Ensuite intervient le raffinage. Une raffinerie est une technologie de pointe très onéreuse (aussi chère qu’une centrale nucléaire : 2 à 9 milliards $ selon la taille) du fait de la complexité des procédés chimiques et de son fonctionnement à plein temps. Bon nombre de pays africains où le pétrole est extrait n’en sont pas dotés (et même lorsques les raffineries existent, elles sont aussi vieilles que le traité d’indépendance…) à cause du manque de technologie locale, du coût de l’investissement et de l’absence d’un marché de masse capable de soutenir le rythme effréné. La phase de raffinage produit une valeur ajoutée de 20-25 $/baril du prix final actuel. Au final, ce dernier flirte allègrement avec la barre des 100 $. D’après une récente étude de l’IFP, il s’agit de son prix techniquement et économiquement soutenable de nos jours.
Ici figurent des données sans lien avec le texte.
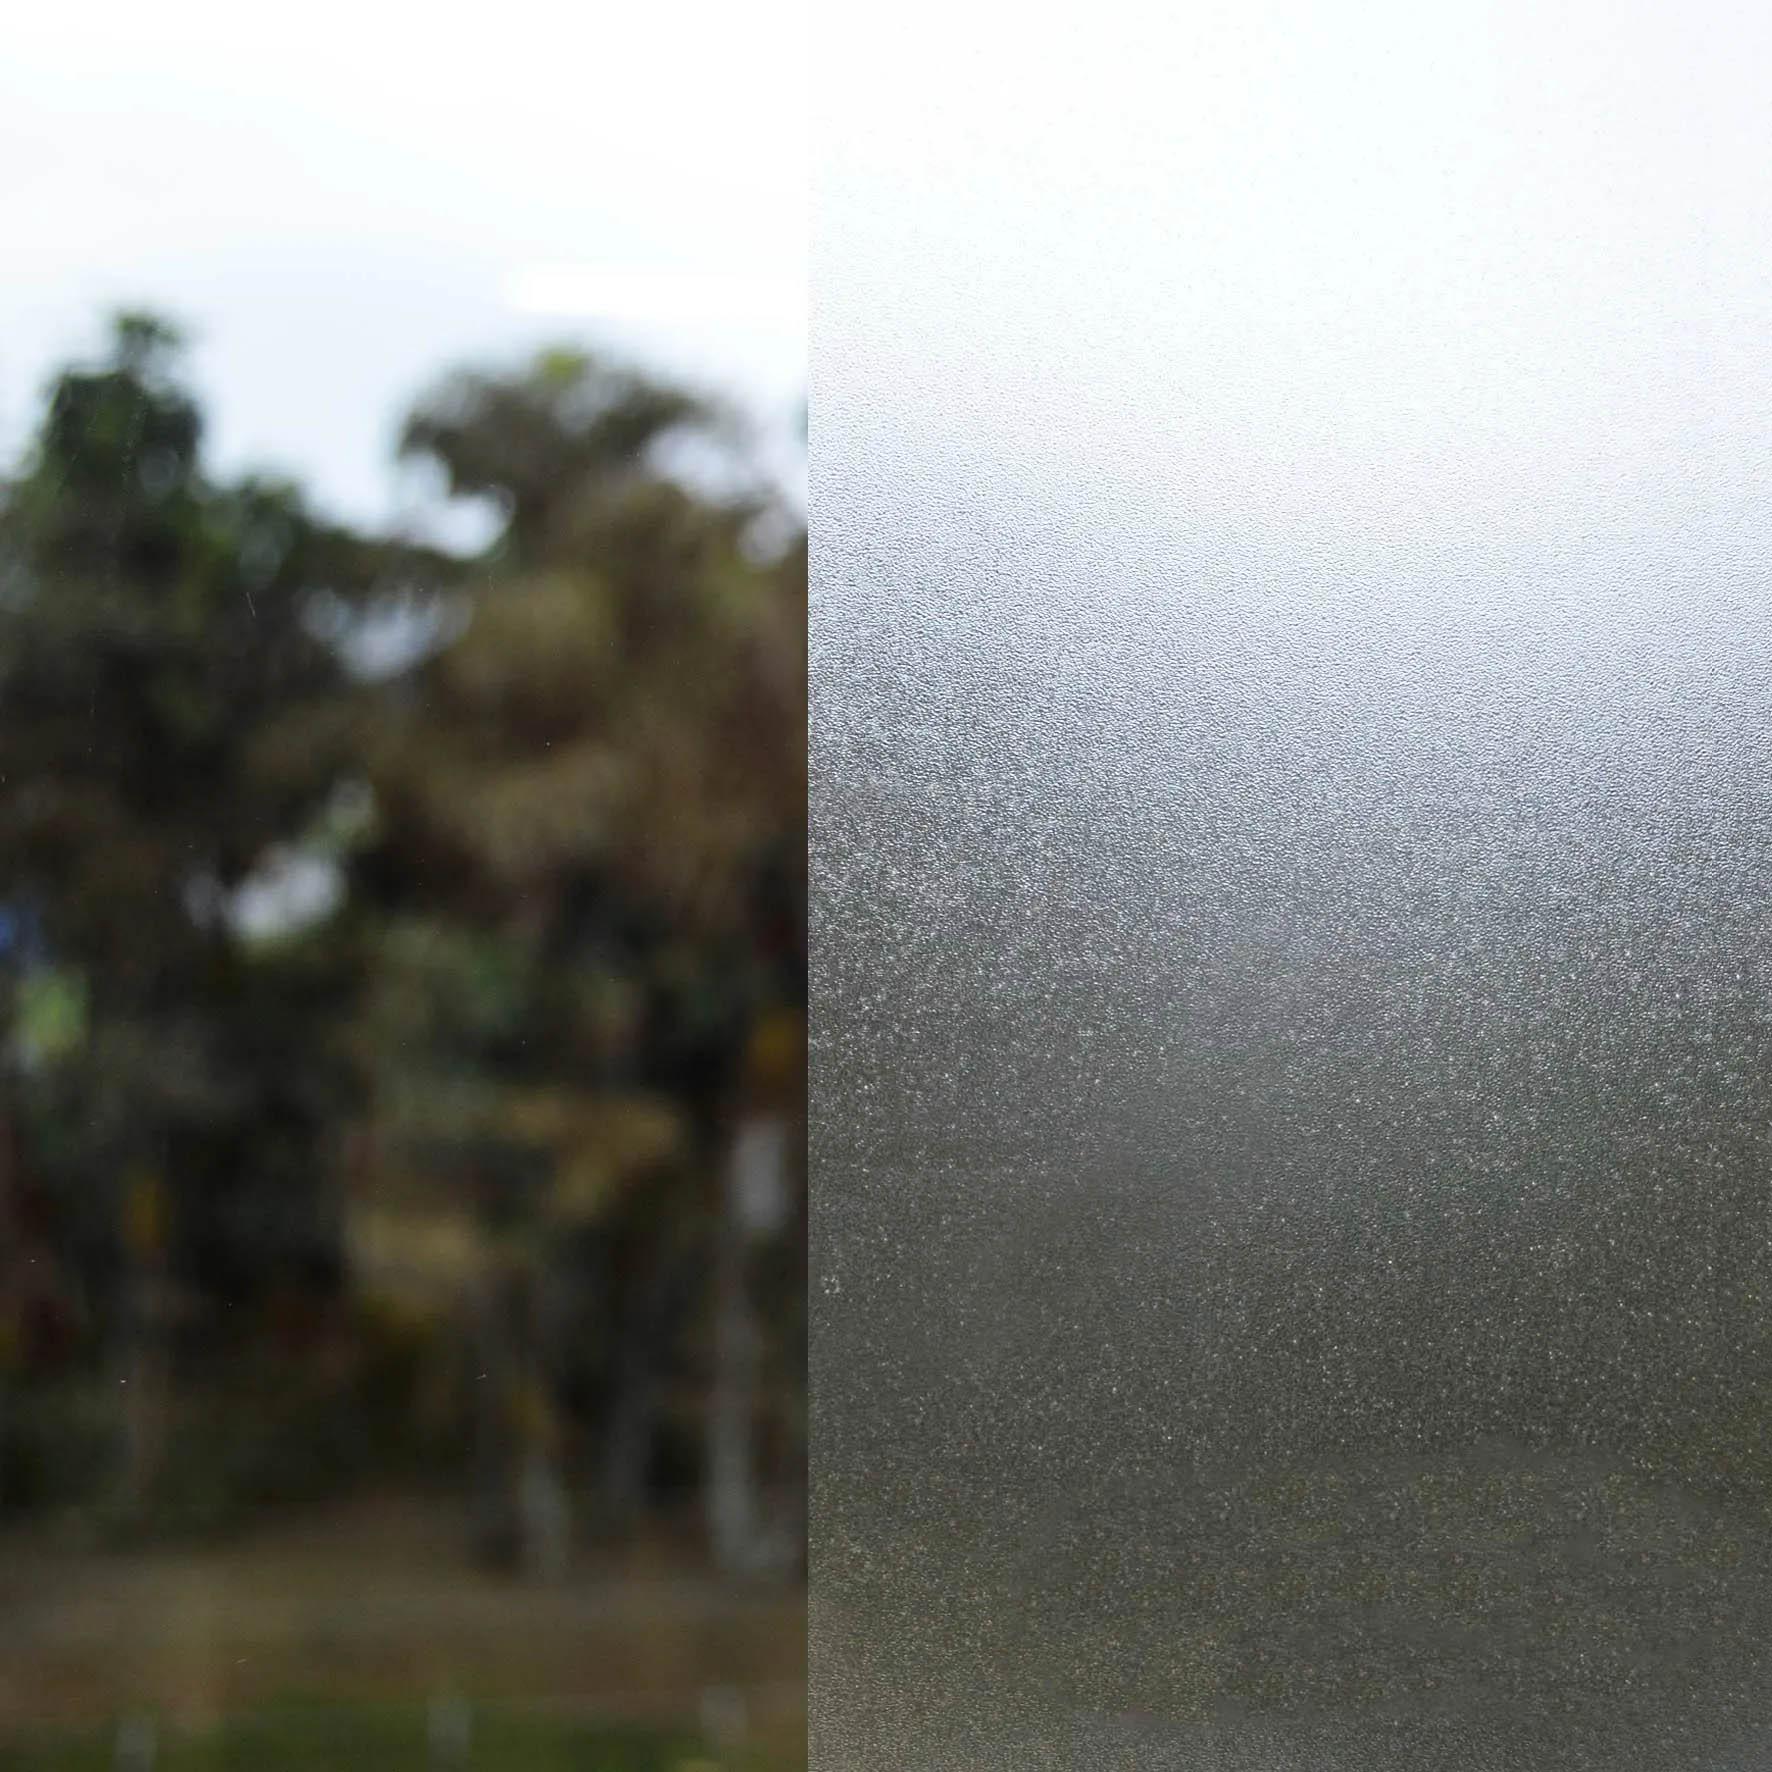 Adesivo Jateado para Vidro Transparente Metalizado 1,22m x 1,00m

Enfin, une foi raffinée, nous obtenons les produits pétroliers que nous consommons au quotidien. Ces produits sont acheminés vers les points de consommation à des prix standardisés. Dans la plupart des pays africains, ce standard du « litre » équivaut presque au salaire journalier. La seule solution viable pour nos gouvernements passe par la subvention (avec ces mêmes recettes tirées des CEPP) afin d’alléger la facture du consommateur. Et quand les subventions deviennent trop importantes, gare aux émeutes comme on a pu le constater en ce début d’année au Nigéria dans le cas d’une politique d’allègement par le décideur . En observant cette chaine, on comprend d’emblée le faible rang qu’occupe l’Afrique dans les négociations internationales sur le marché pétrolier. Sa réelle utilité est d’être un champ d'extraction alternatif pour l’Occident dans sa politique de sécurisation de son approvisionnement, par ces temps de remue-ménage au Moyen-Orient.
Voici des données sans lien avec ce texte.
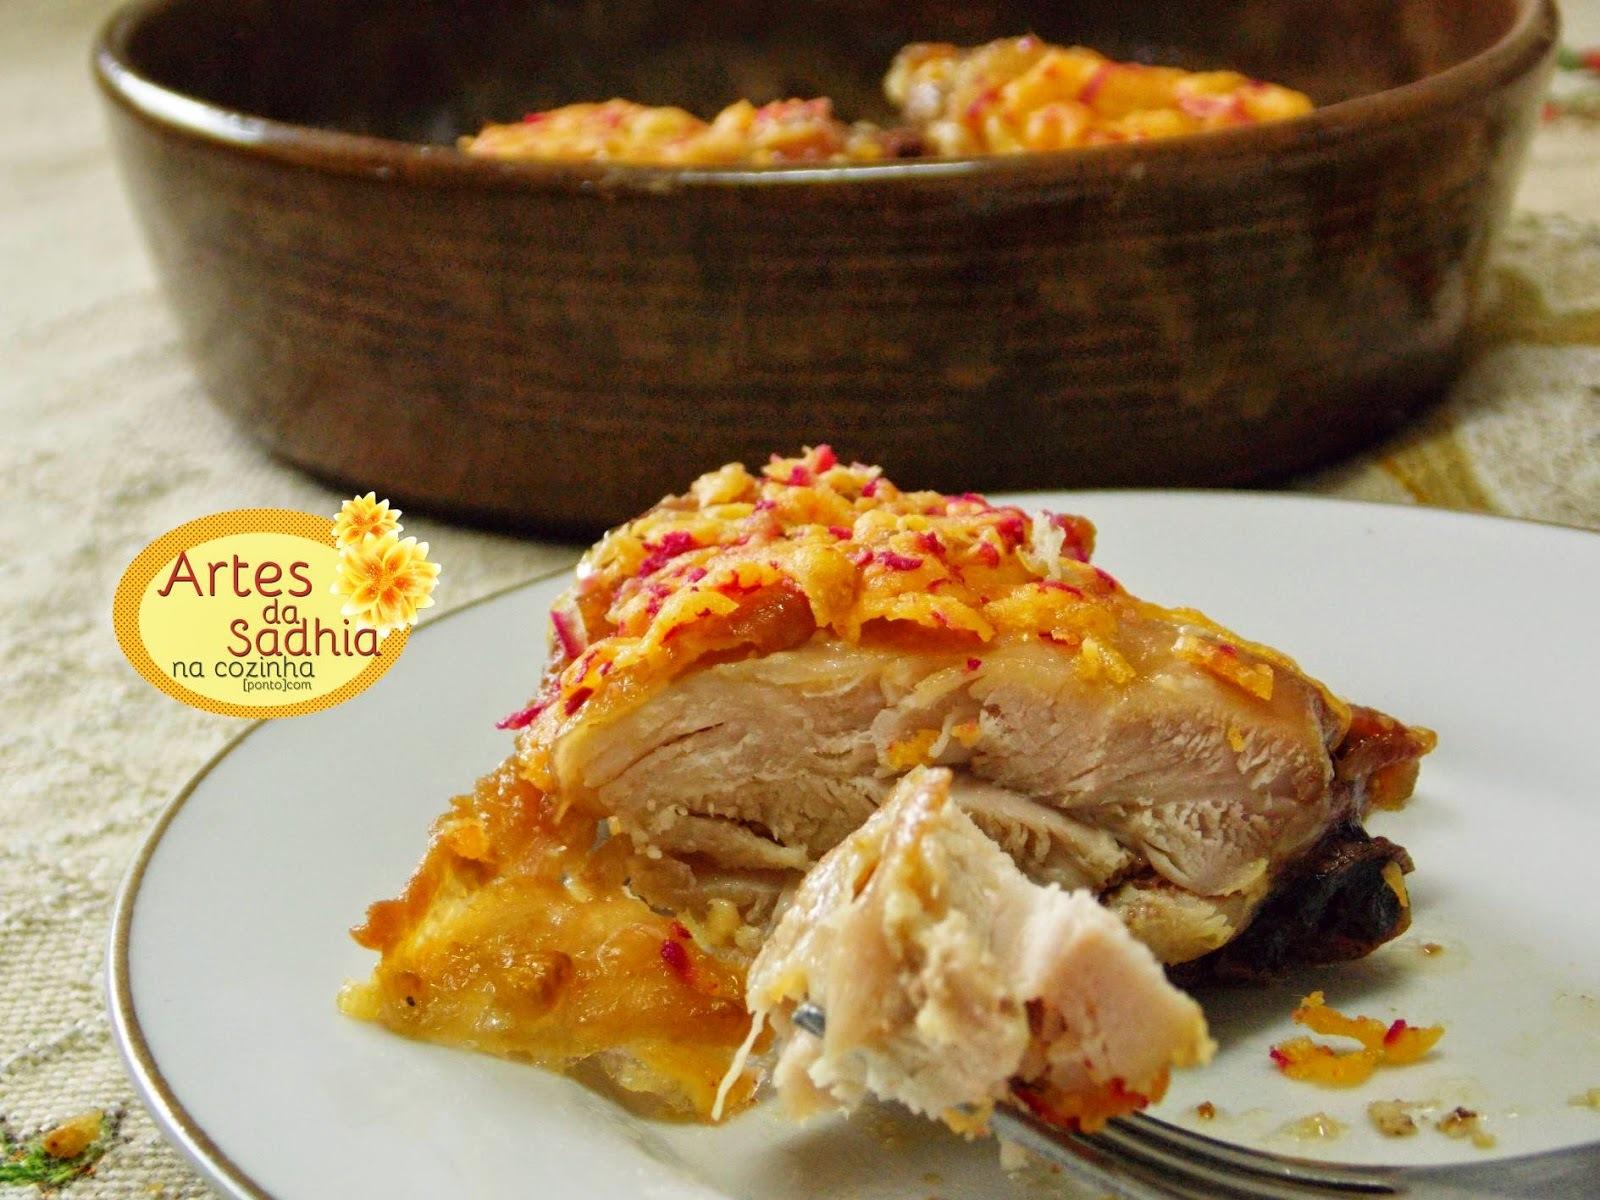 coxa e sobrecoxa de frango assado com queijo

Toutefois, la situation actuelle n'a rien d'irrévocable. Un certain nombre de réformes sont à même de changer la situation   :
• Tout d’abord une meilleure affirmation des Pays Africains Producteurs de Pétrole pour la création d’un Marker sous régional avec une part de la production de ces pays dédiée au marché local
• D’autre part, la mise en place d’un fonds commun afin de pallier la volatilité des cours énergétiques dont les PIB des pays producteurs sont très sensibles.
• Ensuite, un programme sous-régional de développement d’unité de raffinerie sur la base d’un marché commun. Cette approche permettra de soulager le poids de l’investissement initial ainsi que les contrebandes liées au commerce illicite de l’or noir.
• Et enfin, la dernière et pas des moindres, une meilleure intégration sous-régionale facilitée par l’existence de zones économiques telles que l’UEMOA, LA CEDEAO, le CEMAC, la SADC et l’UMA, qui doit permettre d'agrandir les marchés intégrés et de faciliter des stratégies communes d'investissement.